The above protein constituted our first layer of attachment to the aerogel and the structure gave us crucial feedback on the project and how to efficiently coat the aerogel. According to (fig. 9, A), we identified the structure of the different single chains of interest easily. The blue slightly smaller helicoidal structure represented the mSA protein that was attached to the silk protein, the elongated green structure and finally we g tothe CBD sequence that is displayed in red. The (fig.9, B) confirmed the hypothesis of knowing very efficiently the three domains and having trouble distinguishing the in-between linkage which is totally normal since we designed those linking segments to be able to keep the structure of the three main elements. The same graph showed that few iterations of the prediction lacked to characterize the silk segment, which was an issue in the experiments. However both (fig. 9, C) and (fig. 9, D), confirmed the reasoning that the proteins kept a structure preserving their initial aim (Design Page). The linkage gave in reality more freedom of placement of those chains. The IDDT score helped to identify the percentage of correctly predicted and true structure that could be superimposed. In general, the higher this score the better the model is considered.
03a recombinant protein (Design Page)
Click here to display (Fig.10) Analysis!
We also designed a control to prove the effective attachment of our recombinant proteins. In (fig.10, A), we identified the three main parts of the mSA-GFP-CBD protein. Compared to the previous (fig.10, A) we saw that the GFP domain, in green, was more easily characterized and yielded a closer linkage to the mSA chain, in blue. We had both of the proteins closely associated. However for the CBD region, we identified a longer linkage which meant different configuration of tha attachment possible. From (fig.10, B, D) it was really interesting to see that the 5 predictions yielded similar correlation measures and similar IDDT scores, which enabled us to confirm that the model was robust in the determination of three chain structures. The Results were more robust then for the case of (fig 9, B,D) where there were differences in the silk domain between the five predictions. We noticed the similar lacking of structural representation when treating the linkage areas.
Those above information extracted from (fig.9) and (fig.10), were crucial to troubleshoot some aspects of the purification and to predict how the proteins behaved in a real environment. The visualization gave us a better understanding of the different chain sizes and permitted a confirmation of the proteins’ structure coherence in the manufacturing of the silk biofilm This characterization was crucial to pursue a modeling of the number of proteins needed to have an efficient coating.

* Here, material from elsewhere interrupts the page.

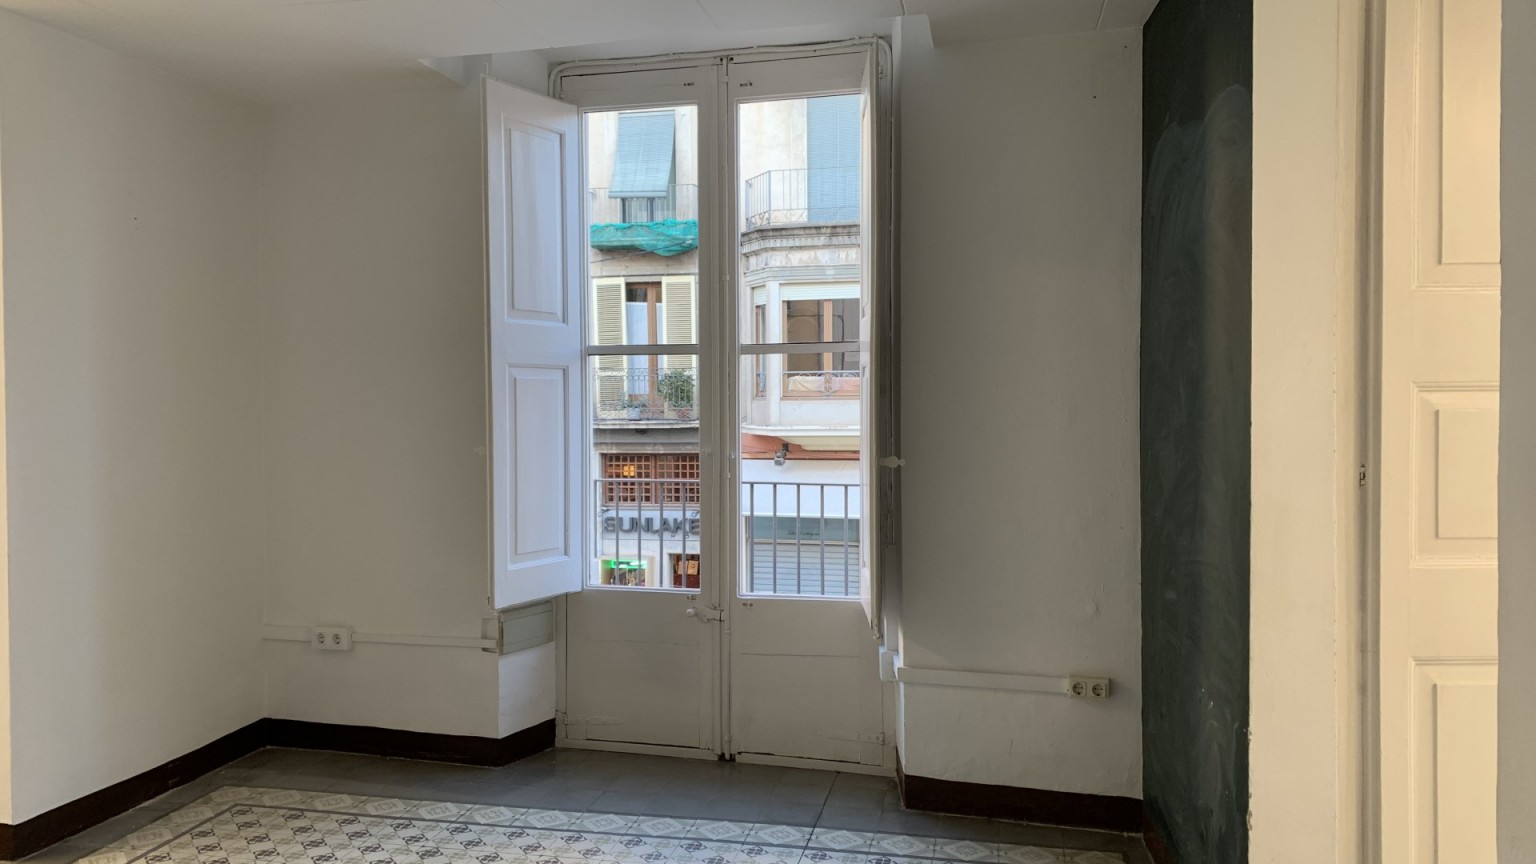 Ampli pis en venda, de 4 habitacions, amb excel·lent situació, a la Rambla de Figueres.

Amount of protein needed to coat our aerogel
A better comprehension of the proteins helped us define the specific configuration of the recombinant proteins in the two different coatings that we developed during the project. We based our reasoning on the fact that the affinity of CBD to cellulose is really high. According to the article8, the CBD has an high affinity of 1.4 uM (umol/l) to fibrous cellulose. So we gave a supposition of the vertical alignment in the structure of both 01a and 03a.
From (fig.11 ,A) and (fig.11 ,C), we identified clearly the fact that this hypothesis was plausible since the linkages between the main constitutive chains presented no particular structure. We made the assumption to simplify the CBD region in a globular way to make easier computations (fig.11, B,D).
In the proposed model we wanted to coat geometrically the aerogel surface with different CBD globular entities. Since they were the most probable point of anchoring they represented an entire protein in the counting of the amount of proteins. We supposed that the proteins were placed in an adjacent manner.
First step was to consider the aerogel as a perfect cylinder that was coated by the proteins. We noticed that in (fig.12) the surface of the cylinder was simplified to ideally two circles and an elongated rectangle. We proceeded to a geometrical filling of the surface.
The attaching CBD region was taken from the above model 4JO55 to study its hydrodynamic characteristics using the Hullrad algorithm9. This program was used to get useful information on the CBD protein :
Parameters | CBD Protein |
---|---|
Molecular Mass of the protein (g/mol) | 18587 |
Anhydrous Volume Sphere Radius (AVSR) (Å) | 17.43 |
Maximum Dimension (MD) (Å) | 48.38 |
Using the values from (Table. 2), we populated the different surfaces of the aerogel with circular proteins using some simple geometry equations. The two values of AVSR and MD were studied in the example. Considering the protein radius and aerogel diameter, we came up with an iterative algorithm in three steps:
-
Step 1 : Populated the outer peripheral of the bigger cylinder:
We used the following angular equation to compute the angle of placement of the first small protein circle in the aerogel bigger circle:
-
Step 2 : Computed the number of cylinders that can populate the peripheral of our the bigger circle:
-
Step 3 : Defined a secondary circle that has the next small circles:
We iterated the new radius until we could not fit any small circles in the area (fig.12):
-
Ending condition:
In (fig.13), we saw clearly how the different circles were placed inside the allocated surface of aerogel. We extended the reasoning to filling the rectangular lateral surface. For the lateral specific surface, the operation was described as following:
-
Step 1 : Divided the width of the rectangle by the number of small protein circles that fitted in the line:
-
Step 2 : Multiplied the above number by the number of lines that fit in the height of the rectangle:
From (fig. 13,14 ), we saw that simple geometrical equations permitted populating on the surface of both the circle and the rectangle in an efficient way. We generalized this concept to different types of proteins. By taking the parameters of the aerogel from (Table.1) and the parameters of the CBD from (Table.2) we got the following output in number of molecules and in number of molar:
Chosen radius for globular representation | # protein molecules (million) | # moles (mol) |
---|---|---|
Taking the Anhydrous Volume Sphere Radius as parameter | 5.002 * 1e8 | 1.661 * 1e-9 |
Taking the Maximum Dimension as parameter | 7.852 * 1e8 | 1.304 * 1e-9 |
The values found in (Table.3) were useful to define the protein solution volume that we soaked our hydrogels or aerogels with.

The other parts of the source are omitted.